One of the most impressive gains ever in stocks took at least a brief respite on Thursday, with Bitcoin Development Company MicroStrategy (MSTR) posting a double-digit percentage loss even as the price of bitcoin {{BTC}} soared to new levels . record high just under $100,000.
At one point lower, more than 20%, MicroStrategy ended the session with a loss of 16.2%. This move is little more than a big mistake on the longer-term chart, with shares still up more than fivefold in 2024 and almost eightfold ahead from year-ago levels.
“MicroStrategy [valuation] has completely divorced itself from bitcoin fundamentals,” Andrew Left of Citron Research wrote earlier today. A former stock market bull who four years ago recommended that investors get long bitcoin by buying MicroStrategy said he remains bullish on BTC but has hedged by going short.
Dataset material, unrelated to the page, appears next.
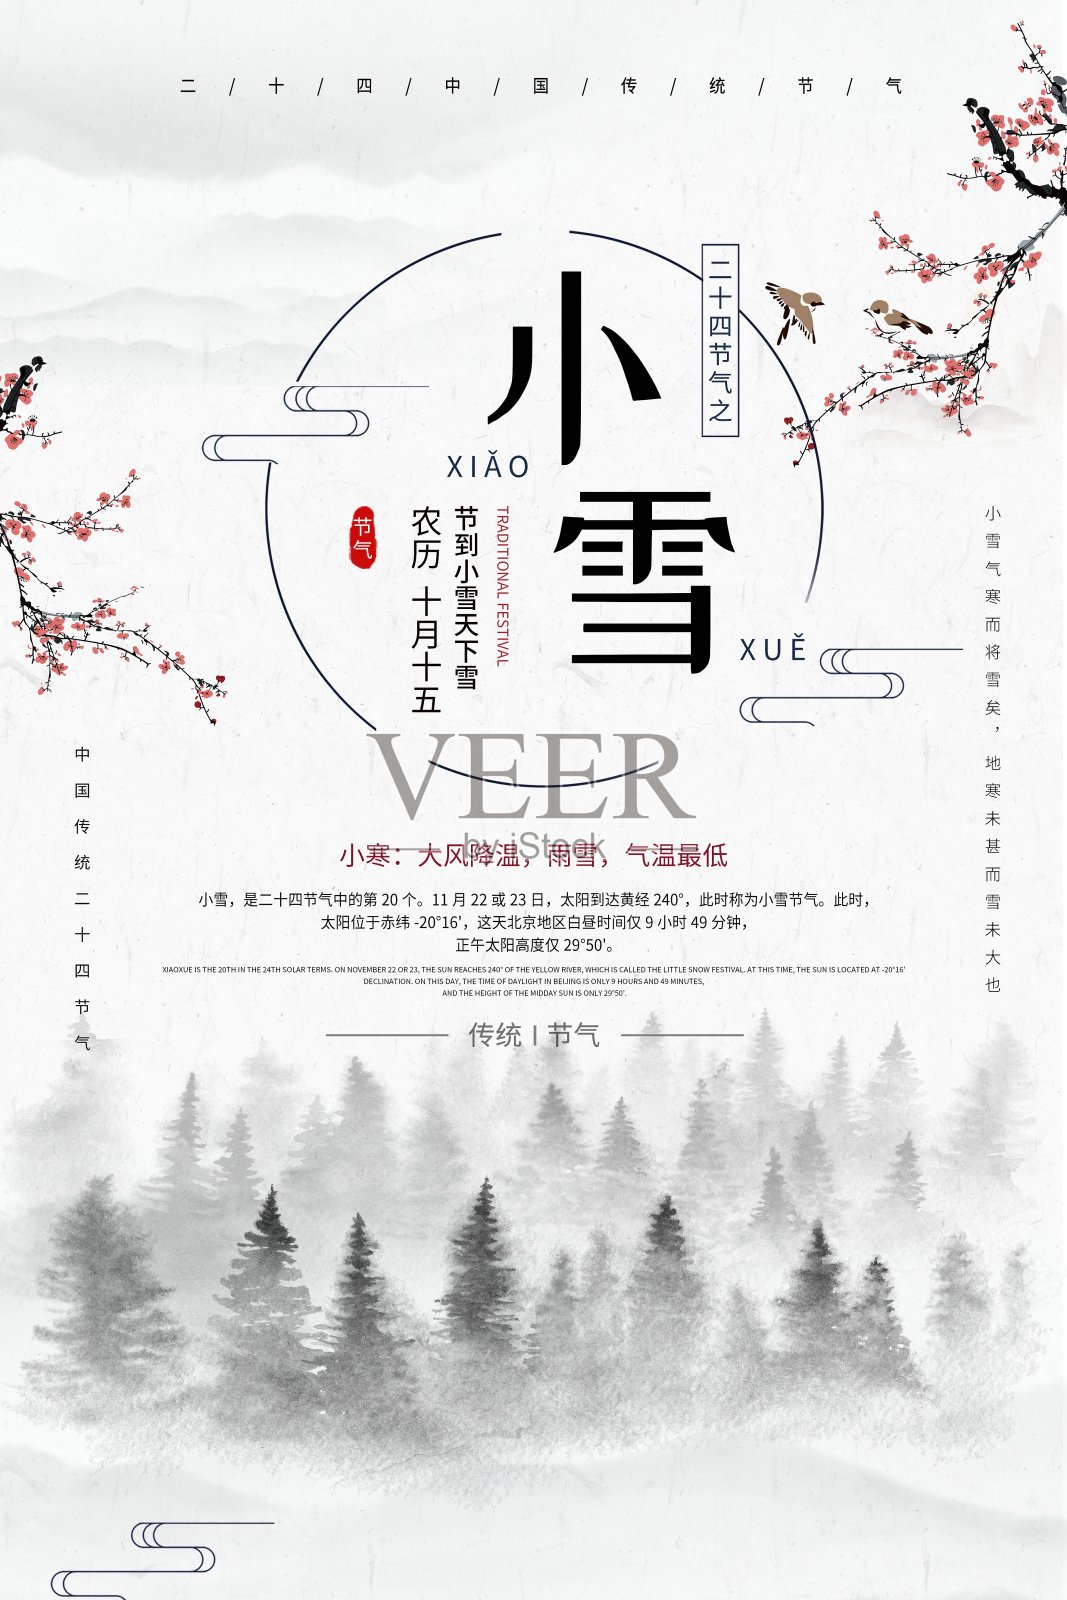 中国风小雪二十四节气传统海报设计模板素材
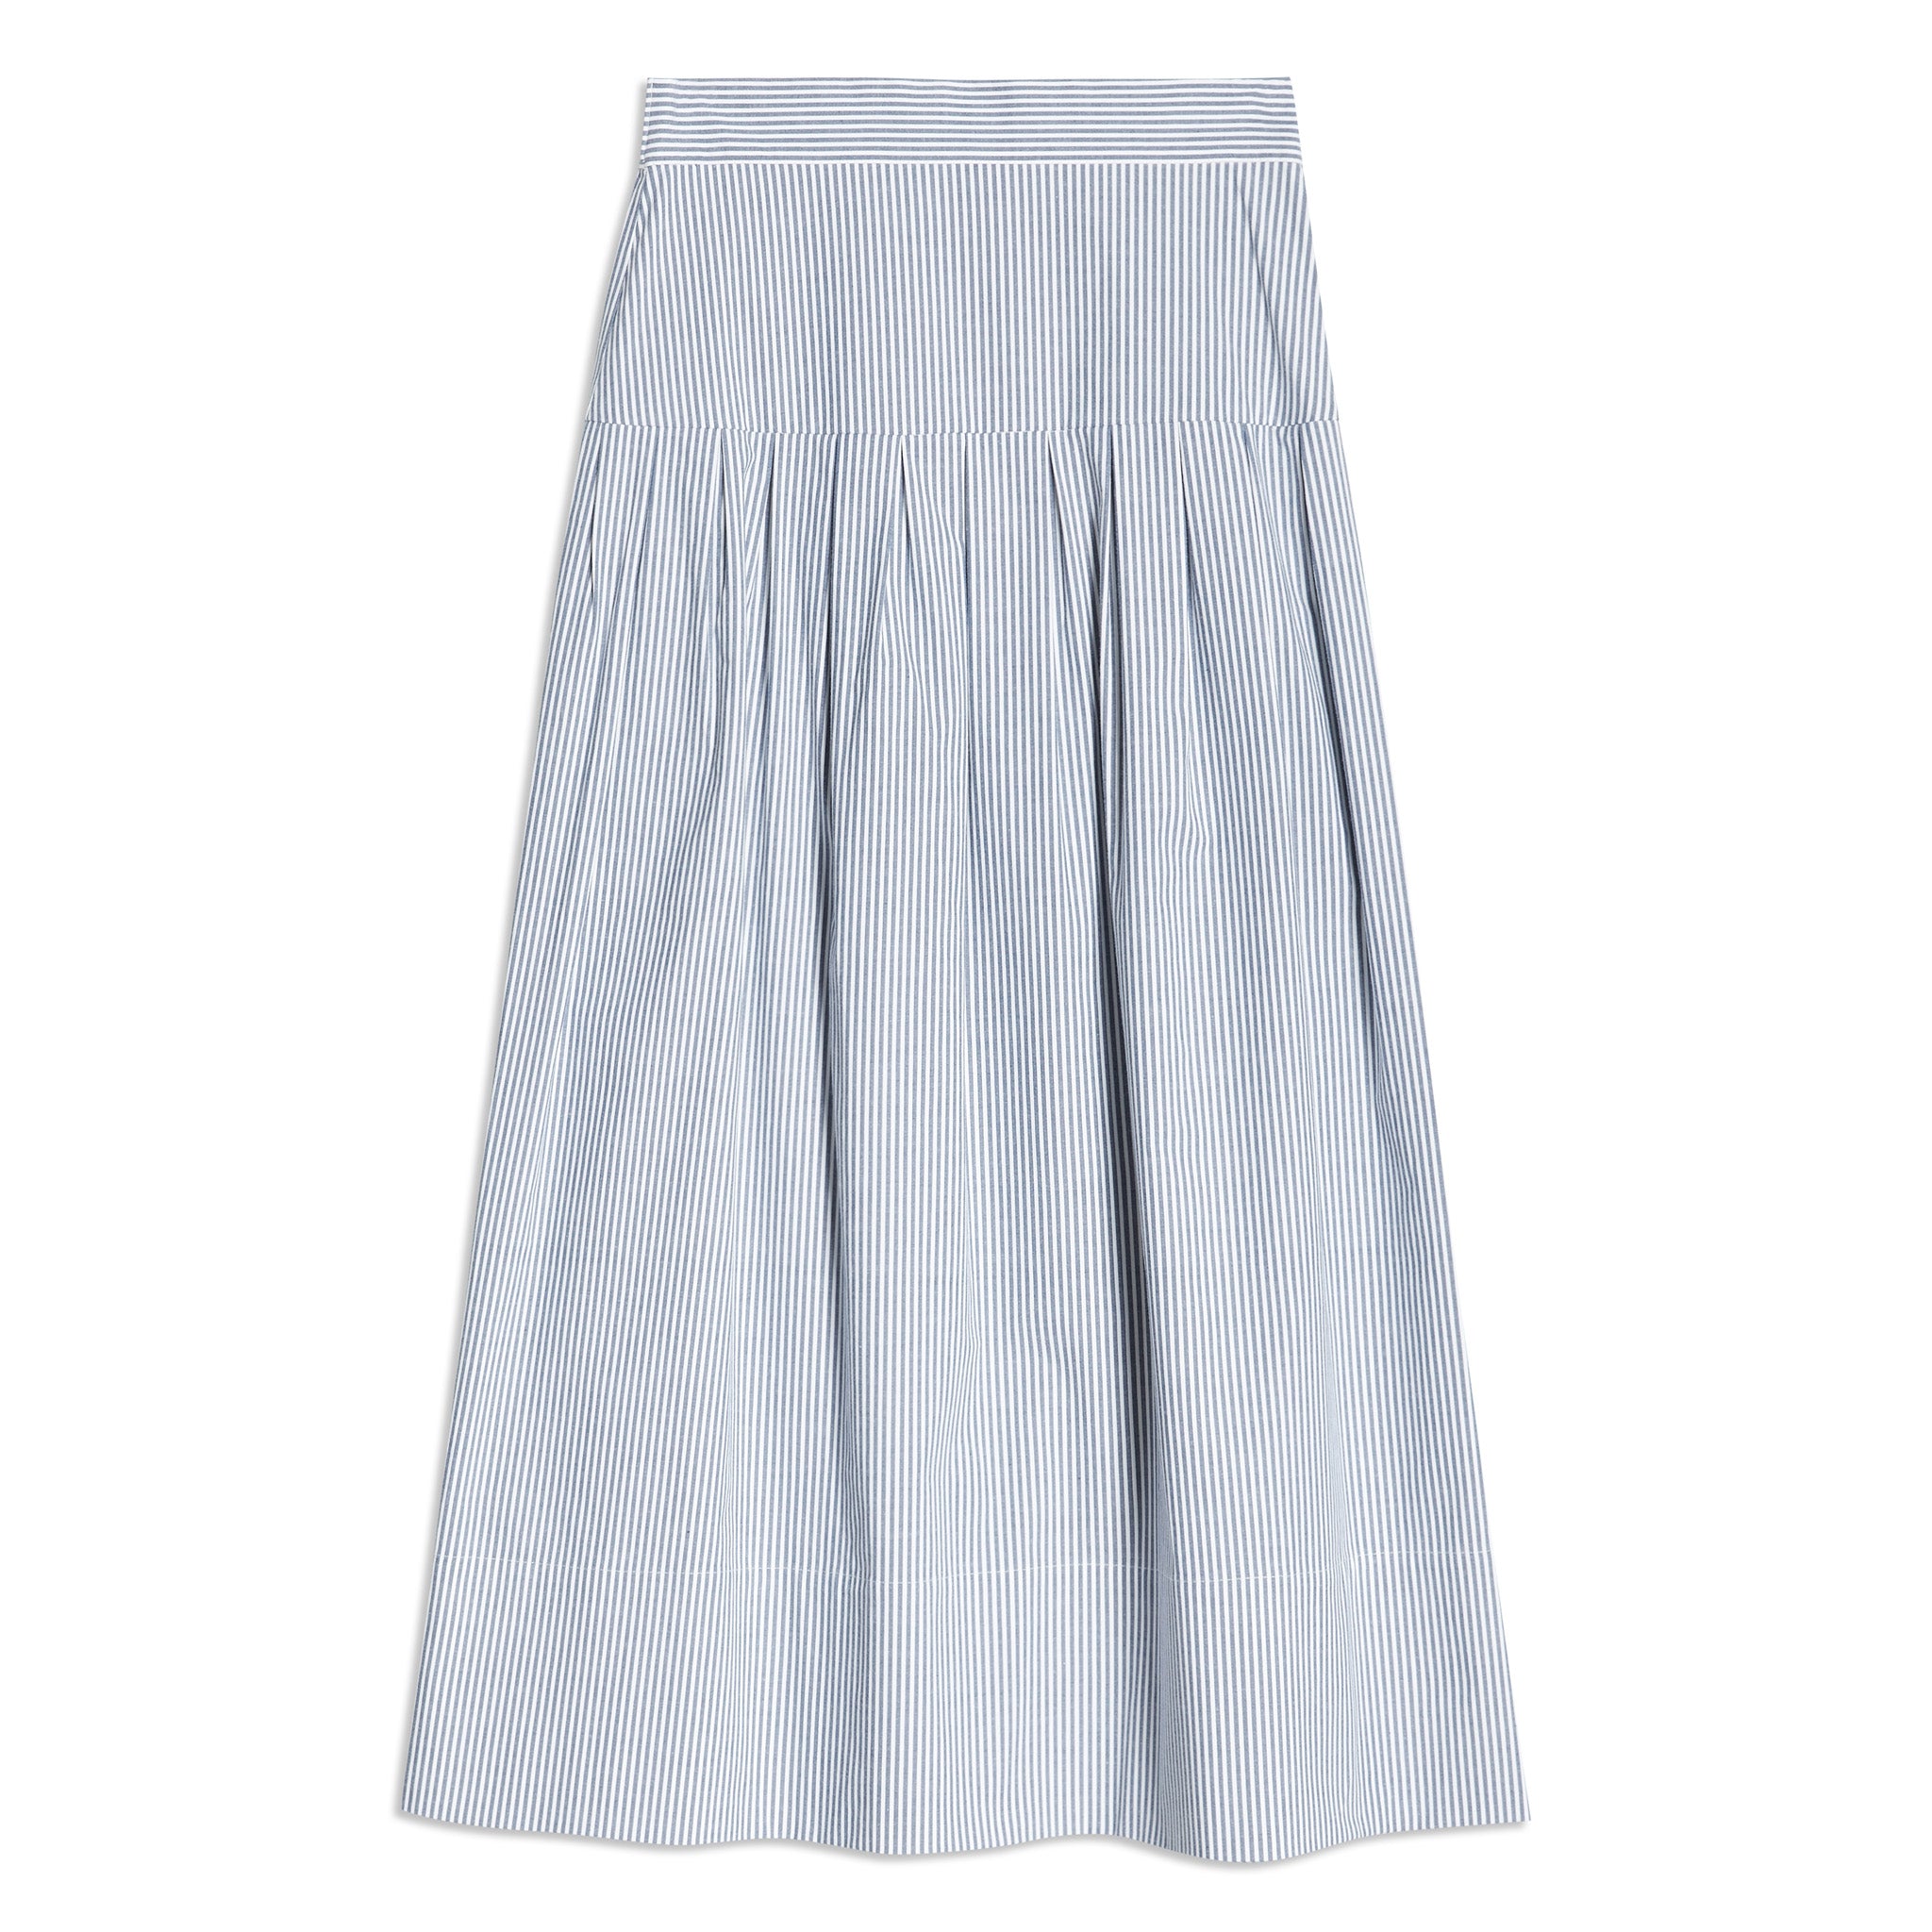 Ticking Stripe Drop Waist Skirt

MSTR.
Of that valuation, MicroStrategy’s market cap yesterday and earlier on Thursday was $100 million, or more than three times the value of the roughly 331,000 bitcoin on its balance sheet ($32.5 million at the current price of nearly $98,000). With the current price drop, MicroStrategy’s market cap has fallen to around $80 million.
“MicroStrategy officially meets my criteria for a textbook parabolic short,” wrote widely followed technician Bracco on X ahead of the market open on Thursday. Bracco posted three consecutive days of double-digit percentage gains and another big overnight gain, among other factors including that MSTR’s dollar volume on Wednesday was higher than that of mega-cap names like Nvidia and Tesla and that a leveraged ETF was issued specifically for the shares. the fifth most traded fund in the entire market.
Writing early Thursday in the WSJ’s Heard on the Street column, Jonathan Weil noted the positive flywheel effect that has given stocks such a boost lately. The stock’s high valuation allows the company to raise capital and buy bitcoin at favorable prices. Bitcoin rises, stocks rise further, executive chairman Michael Saylor and team buy even more bitcoin. And so on.